Patients arriving at the MTF in MOPP will only have their MOPP removed. They can remain ambulatory in their BDU unless contamination is found on it.

c. Spot decontaminate patient's skin. Have the patient wash his exposed skin surfaces with soap and warm water. Wash his hair with soap and water, or clip the hair and wash the scalp with soap and water.

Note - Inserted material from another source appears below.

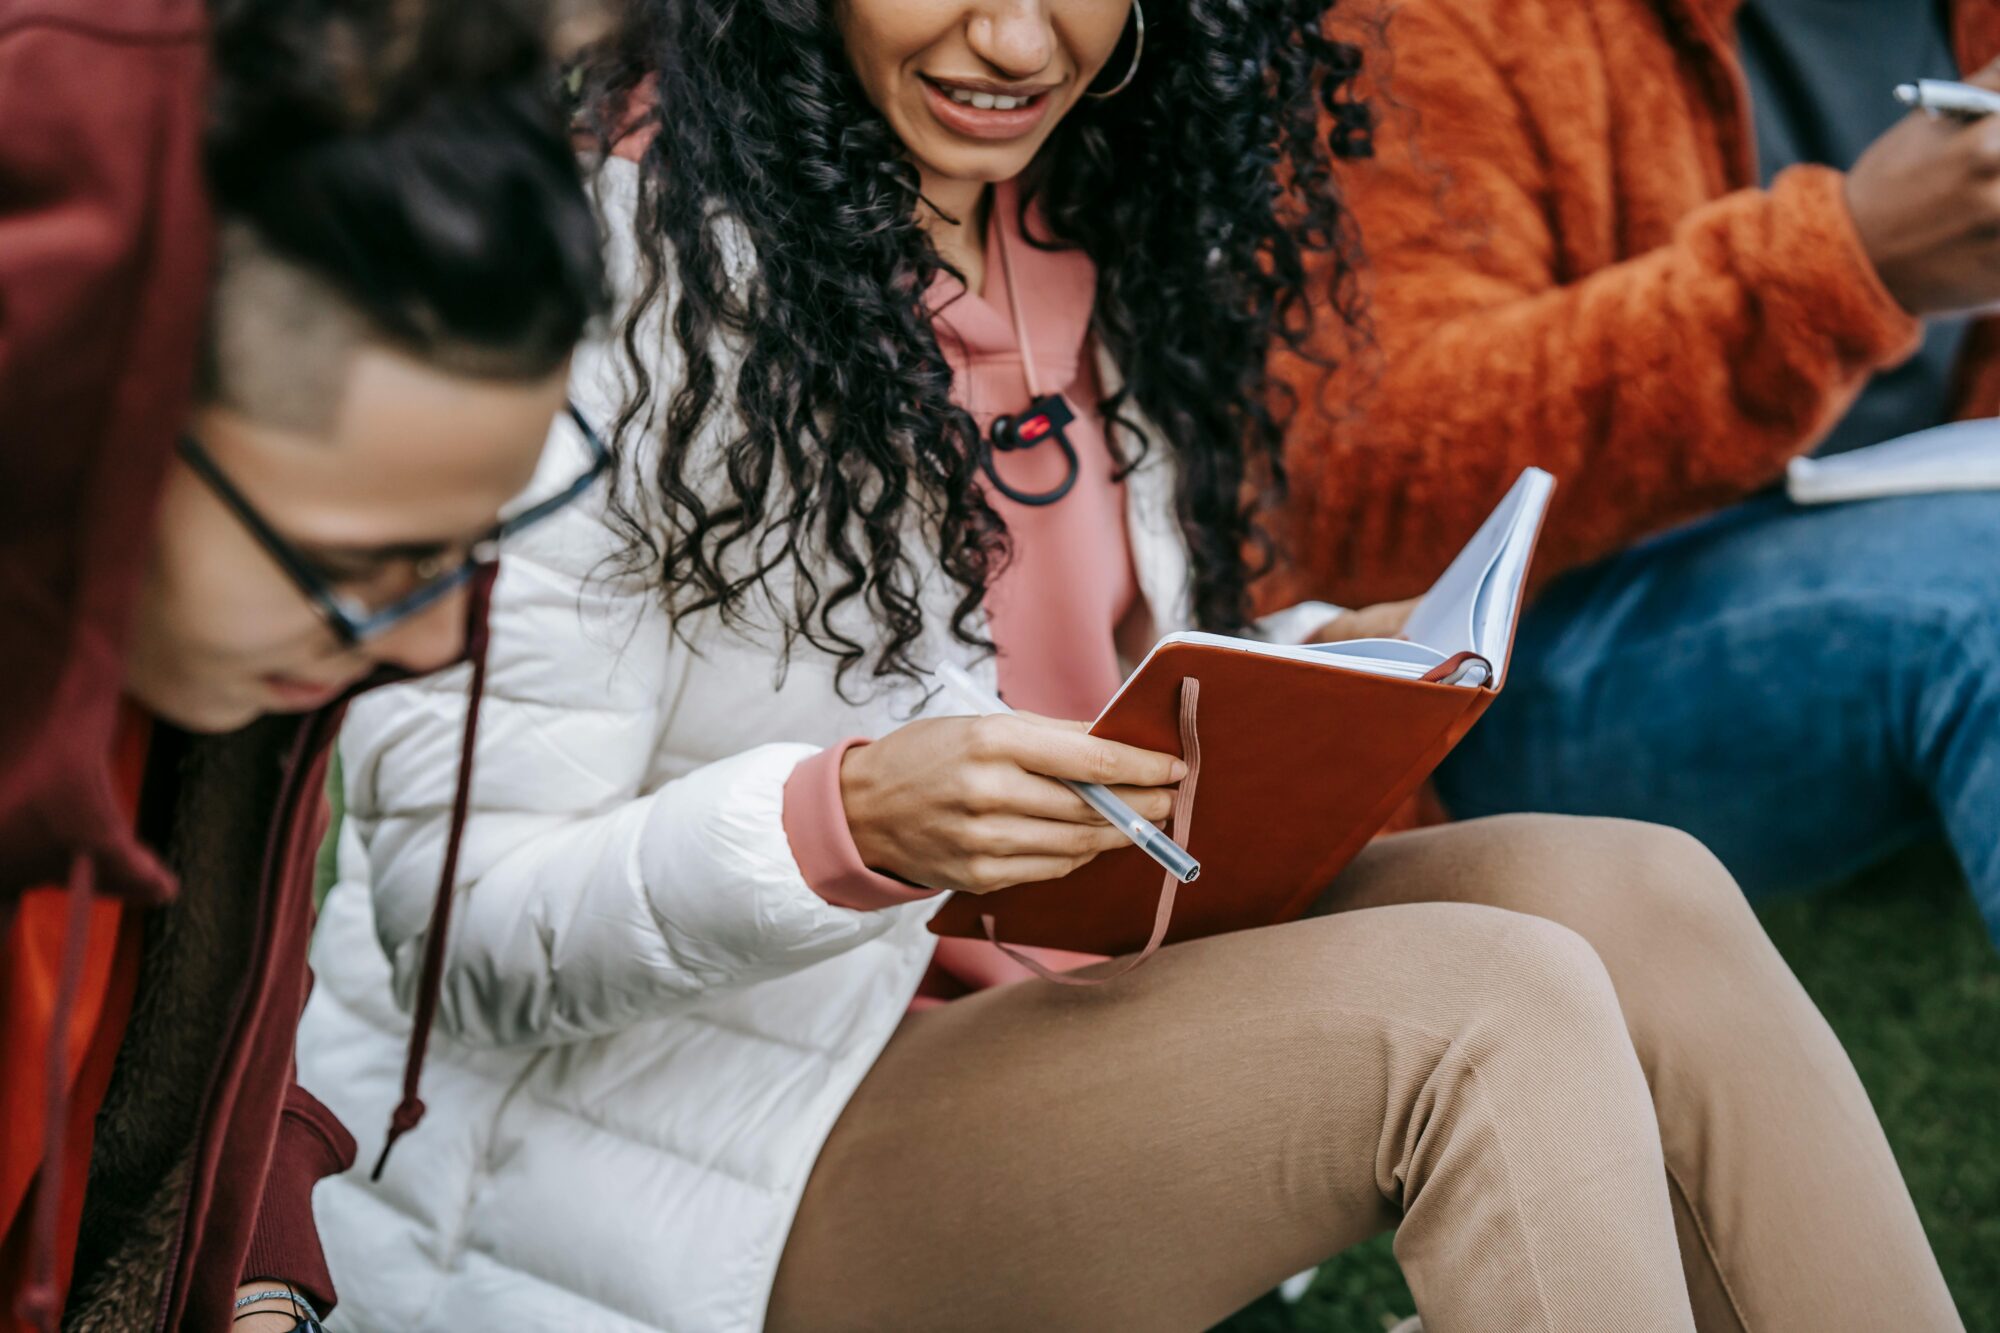 Crop of teenagers sitting outside, doing homework together. (Photo by Keira Burton from Pexels)

d. Transfer patient to hot line. Direct the patient to move to the hot line. Decontaminate his boots by stirring the shuffle pit contents with his feet before he crosses into the clean treatment area.

NOTE

If a new protective overgarment is not available, after treatment, the ambulatory patient must be placed in a PPW for protection during MEDEVAC to the next level of care MTF. Thus, he becomes a litter patient for evacuation.

[APPENDIX H]
FIELD EXPEDIENT PROTECTIVE SYSTEMS AGAINST NUCLEAR, BIOLOGICAL, AND CHEMICAL ATTACK

H-1. General

Medical units must have protection from NBC attack and contamination to survive and function effectively. The extent of protection provided is only limited by the resources available and efforts of unit personnel. Protection as simple as an individually dug foxhole or as elaborate as the subbasement of a concrete building may be used. Expedient protection from the effects of biological and chemical agents are usually much less labor intensive.

H-2. Protection Against Radiation

The level of protection from radiation is expressed in terms of shielding. Material is available on the battlefield to construct/prepare expedient fallout shelters that offer substantial shielding against gamma radiation (see [Table H-1]). Generally, the denser or heavier the material, the better shielding it offers. The degree of protection afforded by a fallout shelter is expressed as a "protection factor," or a "transmission factor." The protection factor is simply the fraction of the available radiation dose that penetrates the shelter and reaches those inside compared to the radiation received by an unprotected person. Thus, a protection factor of 2 indicates that an individual in the shelter receives one-half of the radiation dose he would receive if unprotected. A protection factor of 100 (associated with about six half-value thicknesses) indicates that only 1/100 or 1 percent of the radiation dose reaches the inside. Transmission factors are expressed in percentages, or in decimals. Either refers to that fraction of the ambient unshielded dose that is received by personnel within the shelter. Fallout gamma transmission factors for some common shelters are shown in [Table H-2].

Table H-1. Shielding Potential of Common Materials—Fallout Gamma Protection

Table H-2. Transmission factors for Nuclear Radiation[*]

H-3. Expedient Shelters for Protection Against Radiation

a. In many cases it will be unnecessary to construct field expedient or other types of fallout shelters. There are many structures and terrain features available that afford a degree of fallout protection. Existing fallout shelters are tunnels, caves, culverts, overpasses, ditches, ravines, and man-made structures. The best existing shelters are basements. [Figure H-1] shows typical protection provided in buildings. Windows can be sandbagged or covered with dirt from the outside to provide additional protection.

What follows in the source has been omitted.